Indonesia masih menghadapi ketimpangan serius dalam produksi pangan strategis. Kebutuhan susu nasional mencapai lebih dari 4 juta ton per tahun, namun produksi dalam negeri baru mampu memenuhi sekitar seperempatnya. Kondisi serupa terjadi pada daging sapi.
Masuknya Prancis sebagai mitra baru memberikan keuntungan strategis bagi Indonesia. Selain diversifikasi sumber impor agar tidak bergantung pada negara tertentu, kerja sama ini juga membuka peluang transfer teknologi peternakan modern.
Dalam jangka panjang, hal ini penting untuk memperkuat program ketahanan pangan nasional, termasuk mendukung program makan bergizi dan peningkatan kualitas sumber daya manusia Indonesia.
Dengan demikian, hubungan Indonesia-Prancis bukan hanya transaksi ekonomi jangka pendek, melainkan pembangunan arsitektur perdagangan strategis yang saling menguntungkan.
Diplomasi Dagang Berbasis Kedaulatan
Jika dihitung secara ekonomi, potensi surplus perdagangan dari ekspor CPO dan feronikel jauh melampaui nilai impor pangan dari Prancis. Nilainya bahkan dapat mencapai ratusan juta hingga miliaran dolar AS per tahun.

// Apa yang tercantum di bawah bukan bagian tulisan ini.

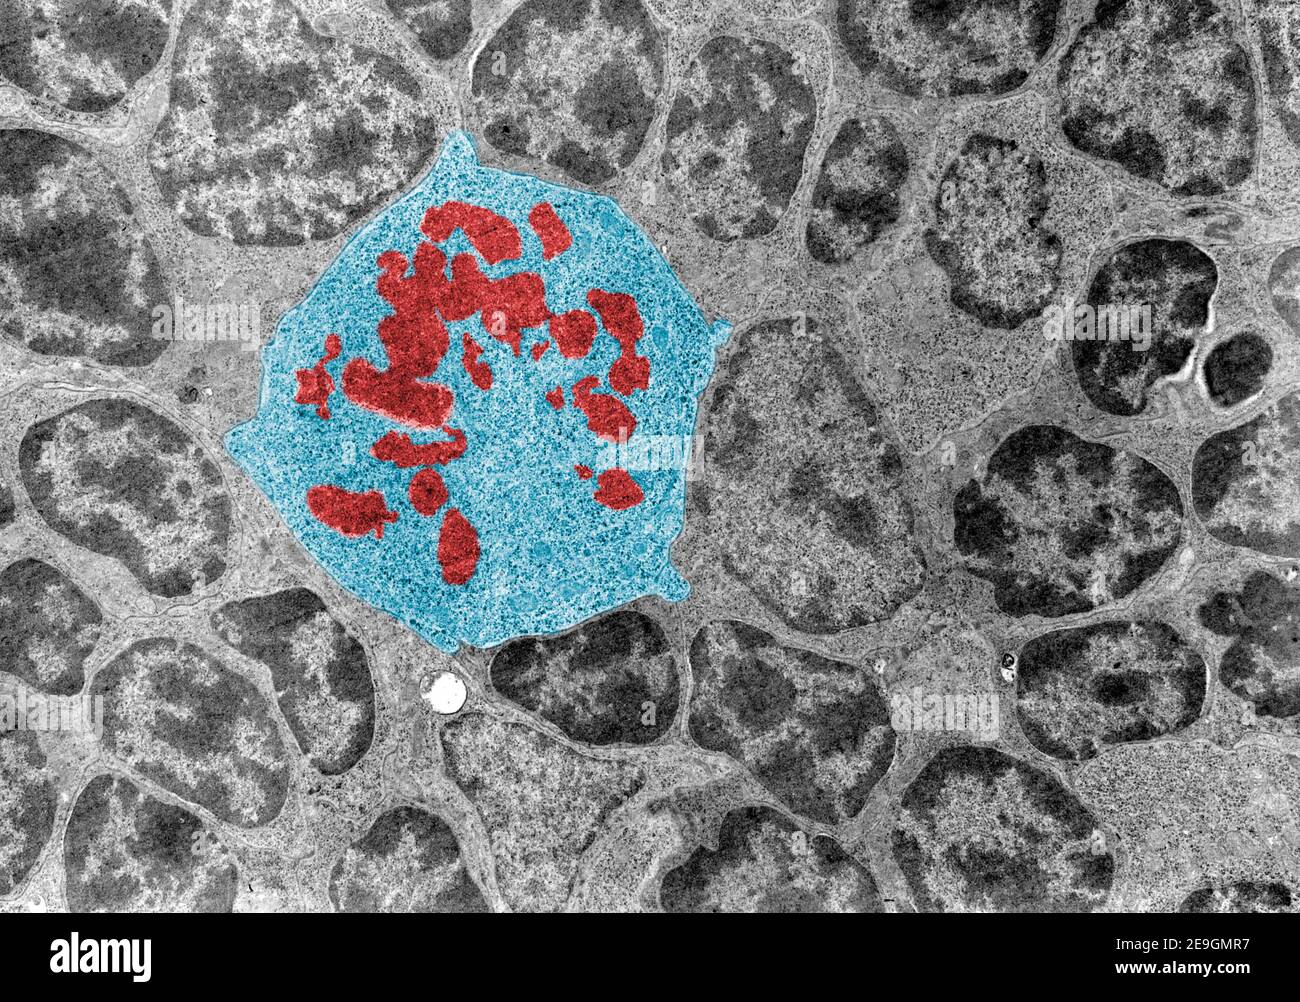 Mikroskope mit Falschfarben-Transmissionselektronenmikroskop (TEM) einer mitotischen Zelle (blau), die von Interphasenzellen umgeben ist. Die Chromosomen (rot) erscheinen a Stockfoto

Namun sesungguhnya nilai terbesar dari kunjungan Presiden Prabowo ke Prancis bukan hanya angka surplus perdagangan semata.

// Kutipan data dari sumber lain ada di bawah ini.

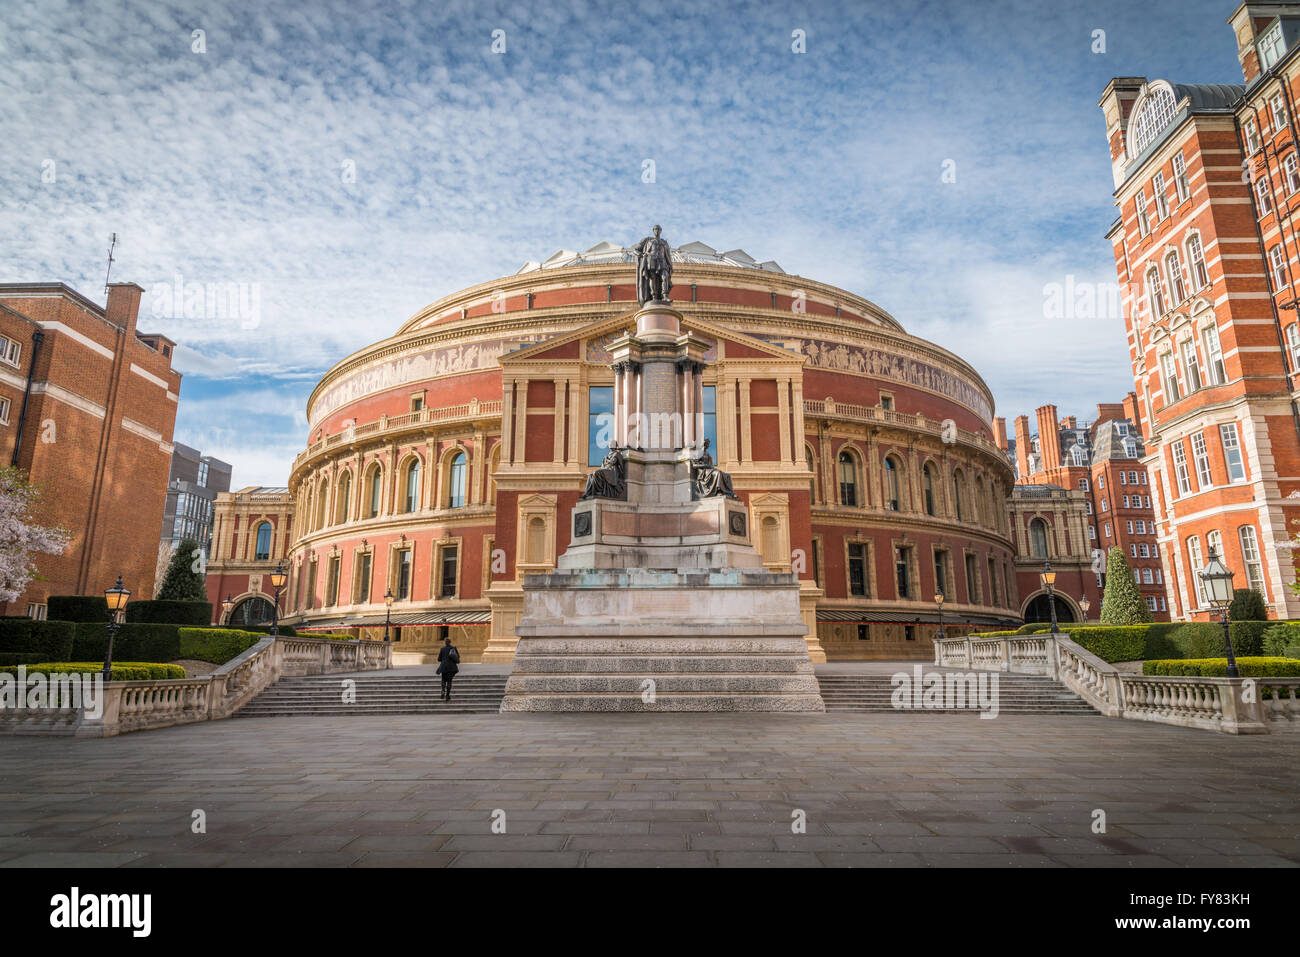 Albert Hall aperto nel 1871 con una capacità di fino a 5,272 posti a sedere per la musica classica e concerti di musica pop, opera, balletto, cerimonie di premiazione Foto Stock

Nilai terbesar dari langkah ini adalah perubahan posisi Indonesia dalam peta perdagangan global.
Indonesia mulai bergerak dari sekadar negara pengekspor bahan mentah menjadi negara yang aktif membangun pengaruh pasar, memperjuangkan kepentingan nasional melalui diplomasi ekonomi, serta memanfaatkan kekayaan alam untuk memperkuat posisi geopolitik bangsa.
Pembentukan PT Danantara Sumberdaya Indonesia menjadi bagian penting dari strategi tersebut. Negara tidak lagi hanya menjadi regulator pasif, tetapi mulai hadir sebagai instrumen pengelola sumber daya nasional secara terarah dan strategis.
Kunjungan ke Prancis menunjukkan bahwa pemerintahan Presiden Prabowo sedang mencoba membangun model baru diplomasi ekonomi Indonesia: diplomasi yang tidak hanya berbicara soal hubungan baik antarnegara, tetapi juga tentang penguasaan rantai pasok global, pembukaan akses pasar, dan penguatan kedaulatan ekonomi nasional.
Kesimpulan
Kunjungan Presiden Prabowo Subianto ke Prancis adalah langkah strategis yang harus dipahami dalam perspektif jangka panjang.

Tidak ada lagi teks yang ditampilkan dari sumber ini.